Не желая тратить слов на ветер, мальчик, особачившись, потянулся было к мужчине. Уже почти ухватился пальцами за его запястье, почти дернул то на себя, почти породнился с проклятым Карпом, что, изогнув толстую негнущуюся шею — если прослойку между двумя сплошными квадратами можно было назвать шеей, — оголил клыки да презрительно прошипел, всем своим видом демонстрируя к неудачнику-хозяину валеночное пренебрежение…
Когда сучий Рейнхарт, удумав проявить бунтарскую прыть, взбрыкнул.
— Нет-нет, душа моя! Я сам. Сам сейчас избавлюсь от неё, — ловко уходя от цепких когтистых лапок и недоверчивого взгляда, промурлыкал он. — Зачем же тебе лишний раз утруждаться? Прости меня, хорошо? Боюсь, моя память порой даёт непредвиденный сбой — ведь я, как ты успел правильно заметить, так чертовски неизлечимо стар…
Насмехаясь над оскалившимся юнцом неприкрытым текстом да корча тому едкие гримасы, Микель вдруг снова прильнул ближе, сокращая последние сантиметры посредством принудительной подгребающей силы. Задавил между обоими телами паршивого кота, нарвался на его предостерегающий вопль и выпущенные месяцами когти…
После чего простосердечно улыбнулся и, взяв да опустив руку с сигаретой — нисколько не испытывая ни душевного, ни какого-либо иного угрызения отсутствующей как явления совести, — принялся радостно и блаженно тушить свой сраный коптящий окурок о разметавшийся по ковру пушистый кошачий хвост.
— Эй, что ты… Что ты, психопат ебаный, делаешь?! Совсем одурел?! Кончай сейчас же! Ему же больно, садюга, маньяк ты ушибленный…!
— А разве же? — невинно поинтересовался этот самый маньяк, улыбаясь той обезоруживающей улыбкой, против которой Юа никогда не мог противопоставить ровным счётом ни-че-го.
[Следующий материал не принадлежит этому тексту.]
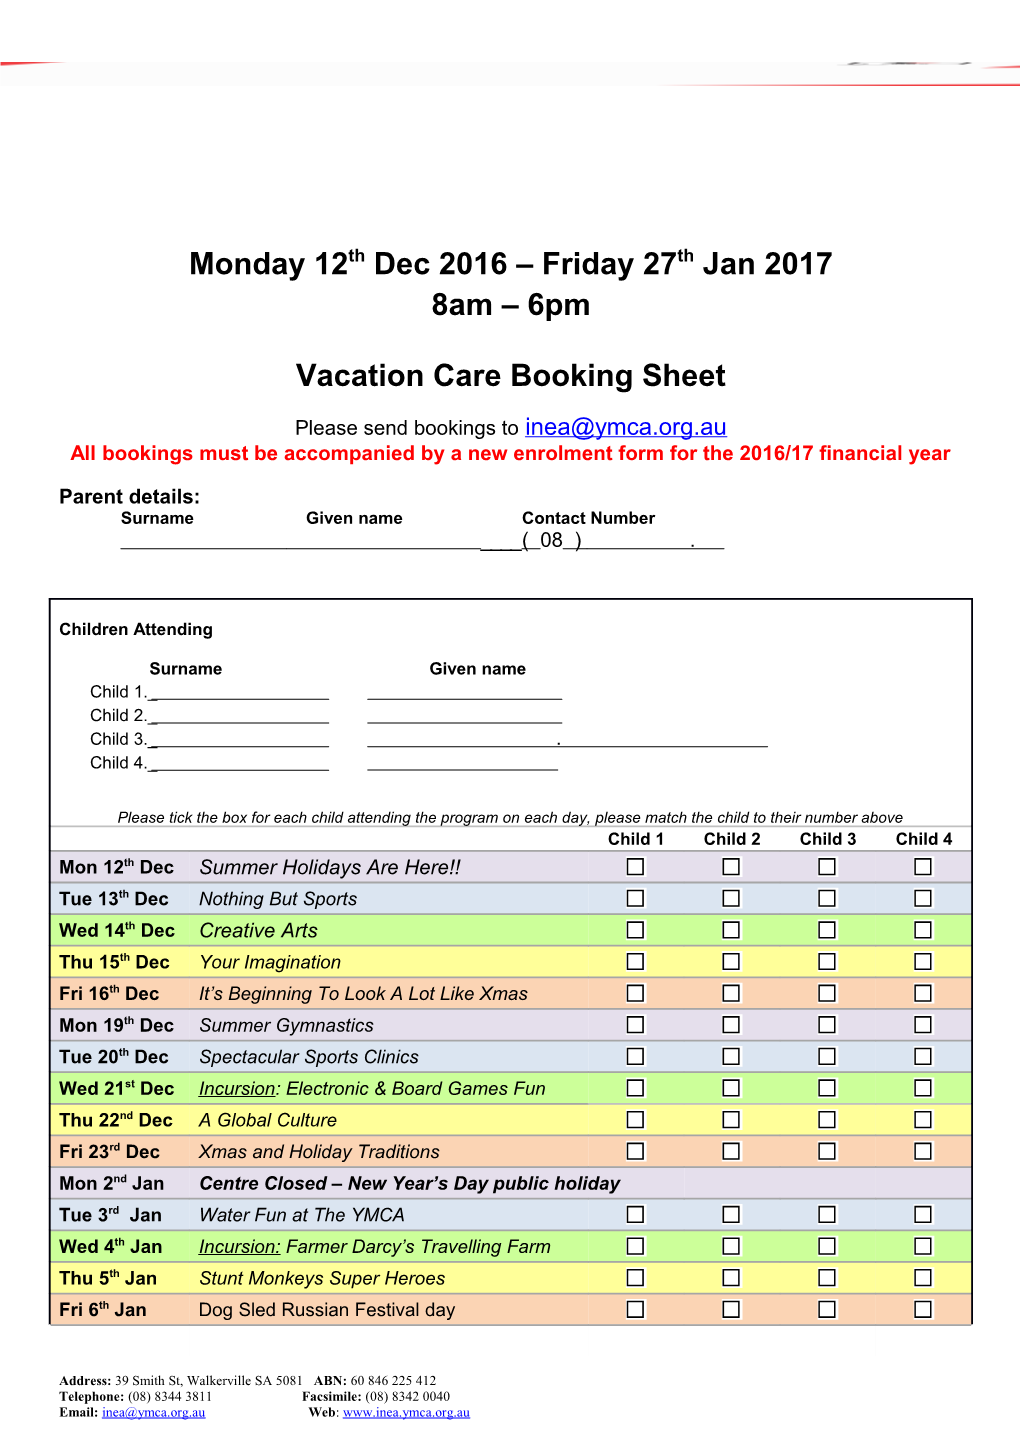 Walkerville YMCA Vacation Care Booking Sheet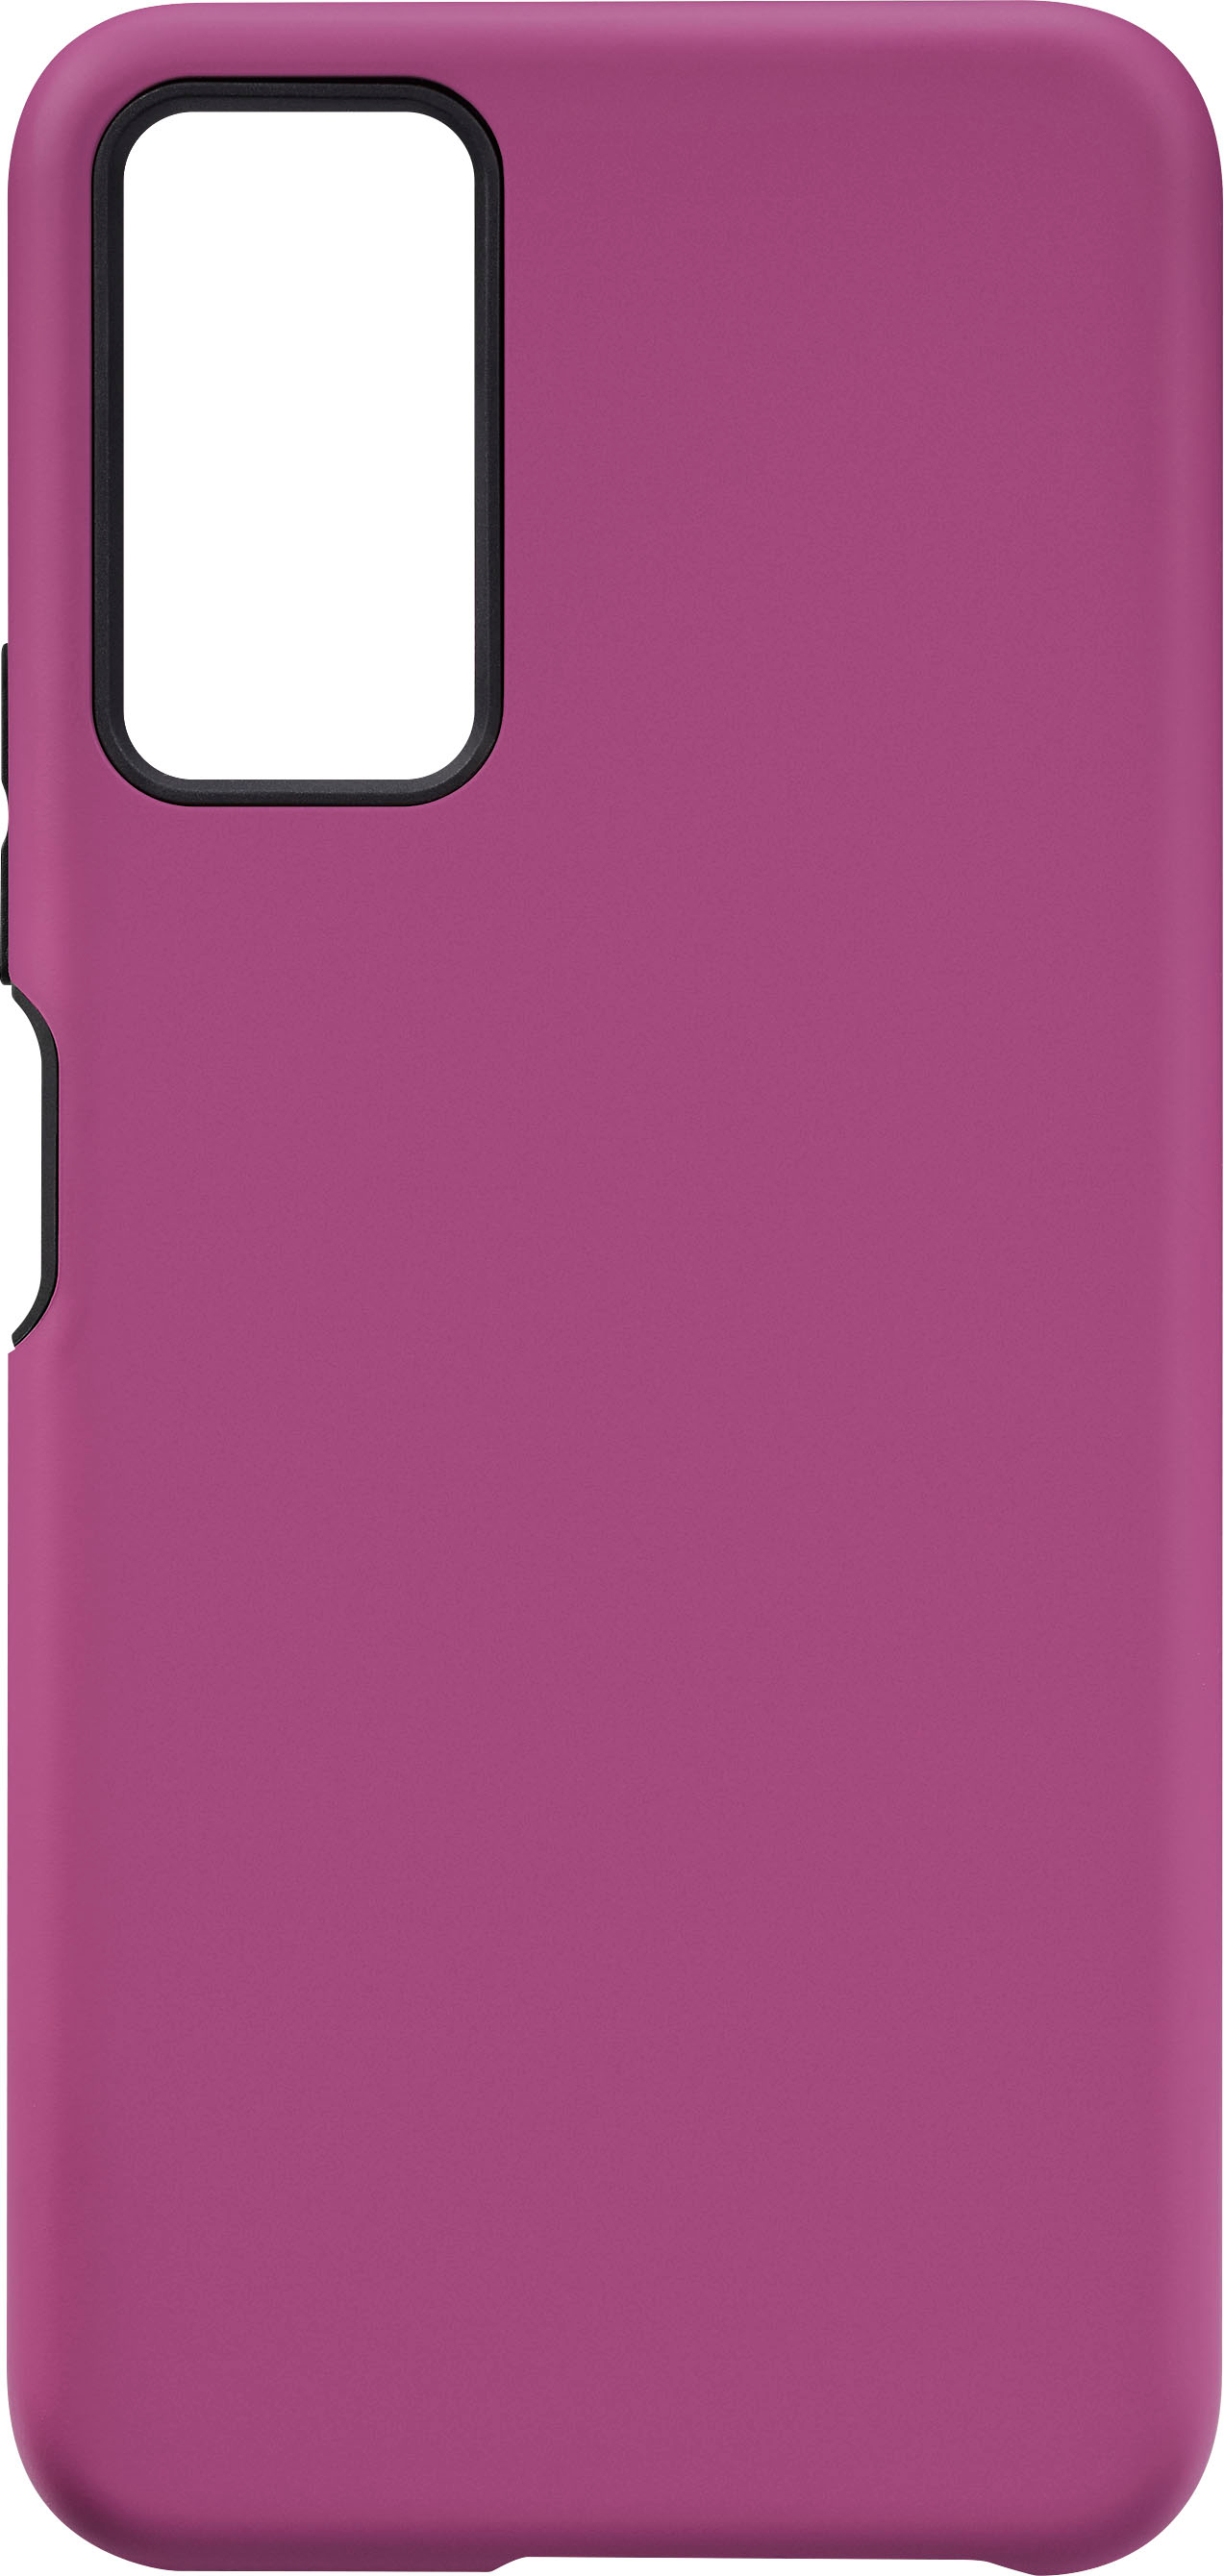 Lively® - Dual-Layer Hard Shell Case for Jitterbug Smart4 - Pink

Даже рук не сумел протянуть, даже сраного кота, дебила распоследнего, не потрудился незамедлительно спасти. — Присмотрись повнимательнее, солнце моё. Я его не держу — это он сам, как видишь, не уходит. И, как ты можешь заметить, либо совершенно не чувствует, либо не соображает, либо — во что мне иногда начинает всё больше и больше вериться — откровенно… тащится.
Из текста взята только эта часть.